The first thing I tackled was visual separation between user input and model output. I introduced color-coded text areas — one for human turns, one for AI responses — which sounds minor but meaningfully reduces cognitive load when you're trying to skim back through a conversation or show a student what the model actually produced versus what they asked. Comparable tools used uniform styling throughout; we didn't.

A cropped image of the temperature setting menu and an image of the visual change in color when the microphone input is being utilized

I also made a deliberate choice to expose controls directly rather than hiding them. Every key input — model selection, temperature, function type — is visible from the start, labeled in plain English, and doesn't require discovering a submenu to access. This was specifically designed for users who aren't AI-native: faculty members trying the tool for the first time, students who've never interacted with an LLM outside of ChatGPT. The interface shouldn't require fluency to operate.

On the architecture side, I worked with the team to restructure the chat system into separate routes for each model. This reduced load when switching between models, made the codebase more maintainable, and gave us a clean place to add color-coded model identifiers on the client side — a small touch that made multi-model sessions easier to follow.

*Two graphs showing parts of the UX infrastructure*

Constraints

This was a research prototype, and the constraints shaped everything. Budget limited us to three OpenAI models. The system ran on a local laptop for most of its development life, which meant response times between two and thirty seconds depending on the task, and no real path to quantitative performance benchmarking.

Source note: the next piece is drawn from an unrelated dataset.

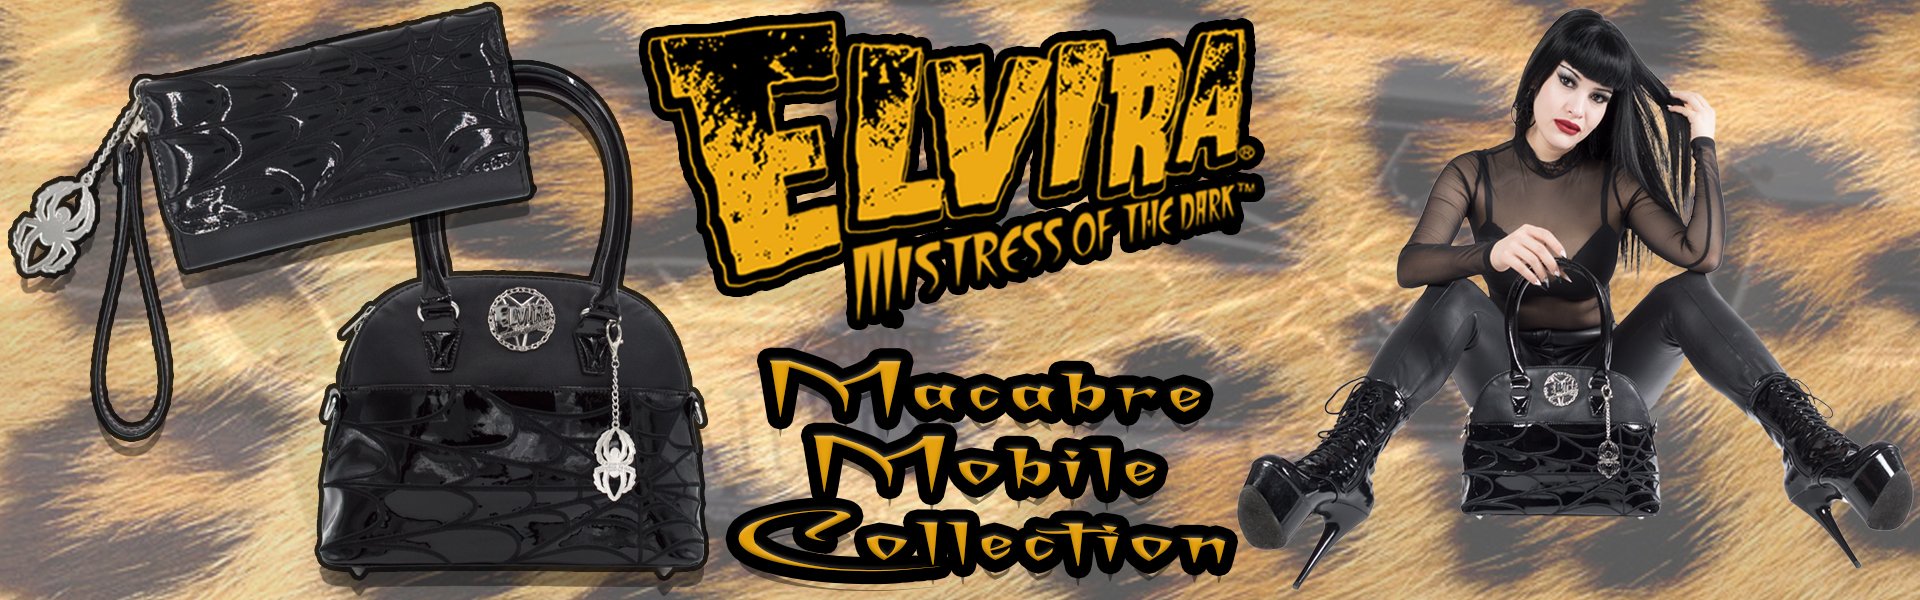 Official Elvira Mistress of the Dark Merchandise at Nerd Imports
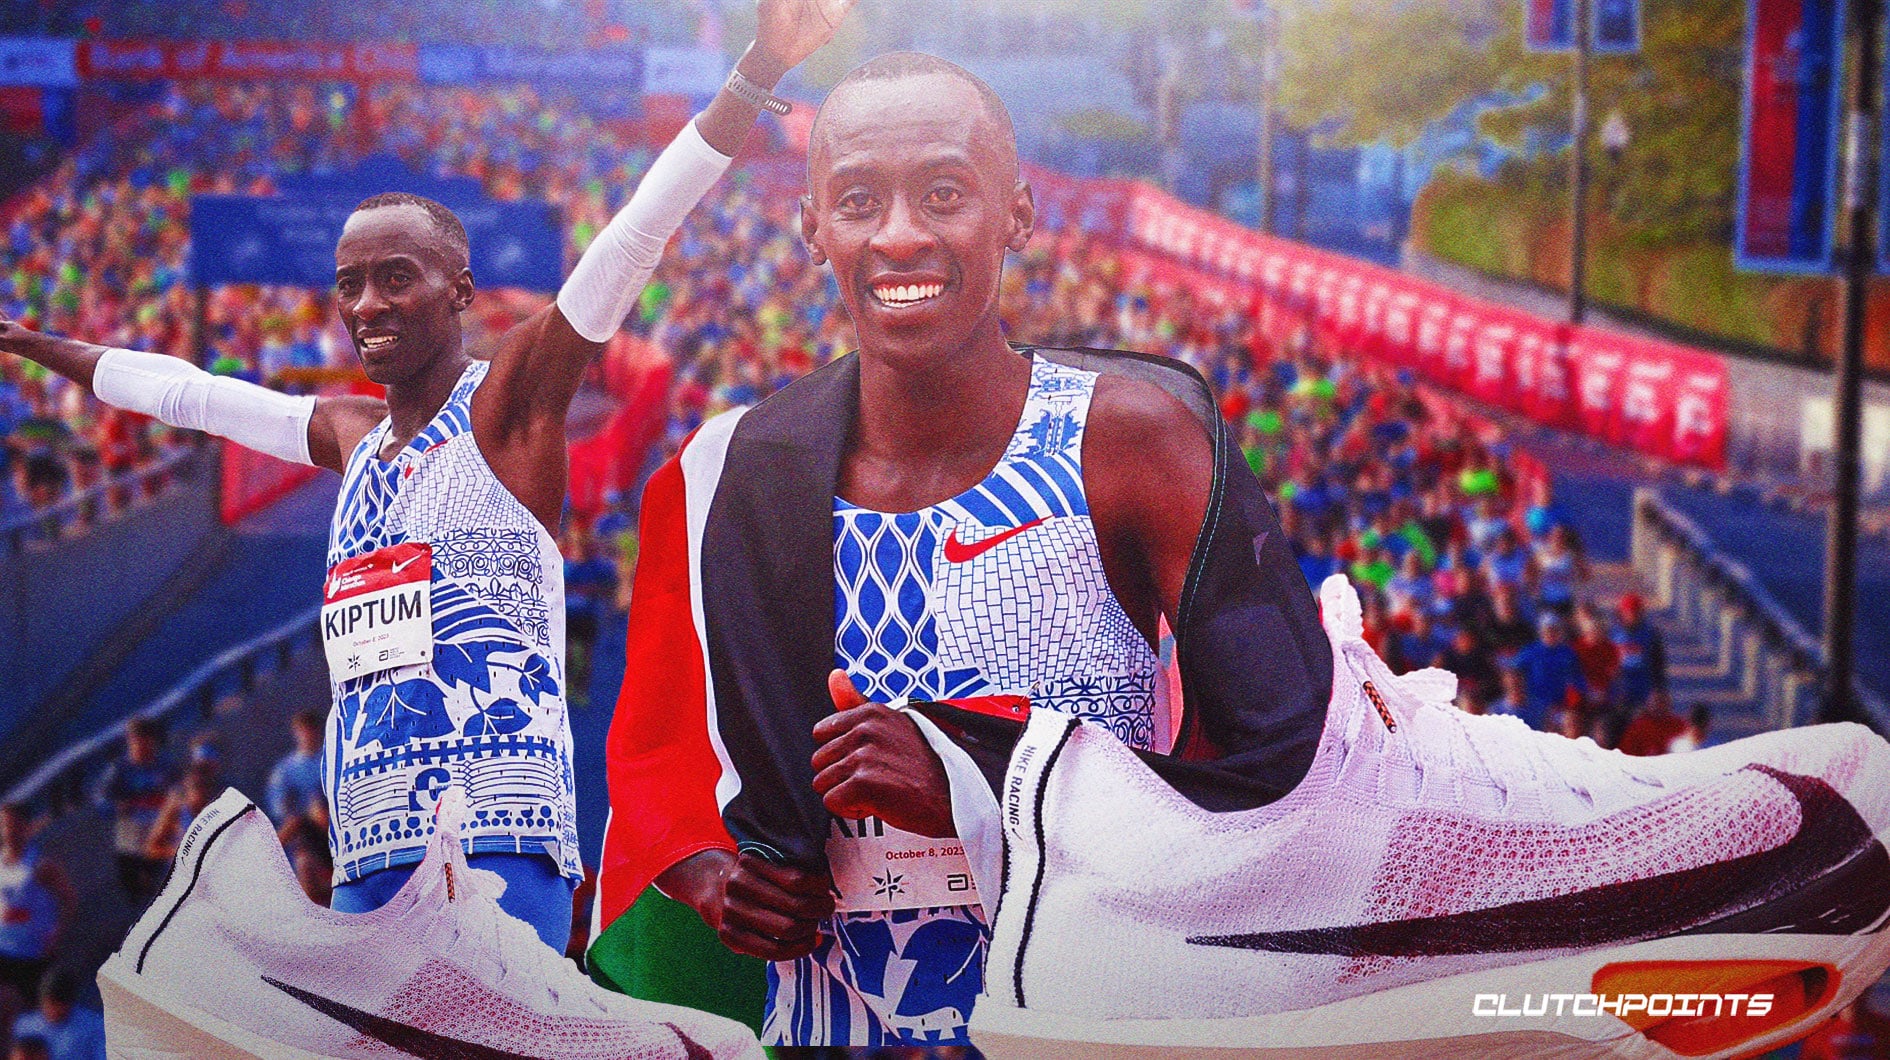 Chicago Marathon Kelvin Kiptum shatters world record in new Nikes

Token limits and rate limiting were built in early to keep costs from spiraling. Security was implemented at a high level — appropriate for the project's scope, but not something I'd hold up as production-ready.

Designing within those limits meant making choices about what the interface could honestly promise. Error states were important: the system flags empty queries, unsupported file types, and failed model connections directly in the response area, rather than silently failing. If the tool couldn't do something, it said so, and why.

System displaying constraint when moving through different model output types

For users who are still building trust in AI systems generally, that transparency matters.

What I didn't get to do

The project lost funding before we could run structured user testing. That's a real gap in the story, and I want to name it directly: the design decisions I made were grounded in heuristic analysis and my own judgment about what non-technical users would need, but they weren't validated with actual users in any formal way. I observed people using the tool informally, gathered anecdotal feedback, and iterated — but that's not the same as a research protocol.

If the project had continued, I would have wanted to run task-based usability sessions with students across departments, specifically targeting people with no prior experience with LLMs. The temperature slider in particular was a hypothesis — that making the control visible would help users develop intuition for model behavior — and I'd want to test whether that actually happened, or whether it introduced confusion for users who didn't know what temperature meant in this context.

Outcome

The final system gave students and faculty a way to work with language models that felt legible and approachable. Non-technical users could navigate it without hand-holding. The design choices that prioritized visibility over cleverness turned out to be the right ones for this audience.

What this project reinforced for me is that interface design in constrained environments isn't just an aesthetic problem — it's about making a complex system's behavior readable to someone who didn't build it. An LLM is already something of a black box. The interface either adds to that opacity or works against it. That's the tension I was designing around the whole time.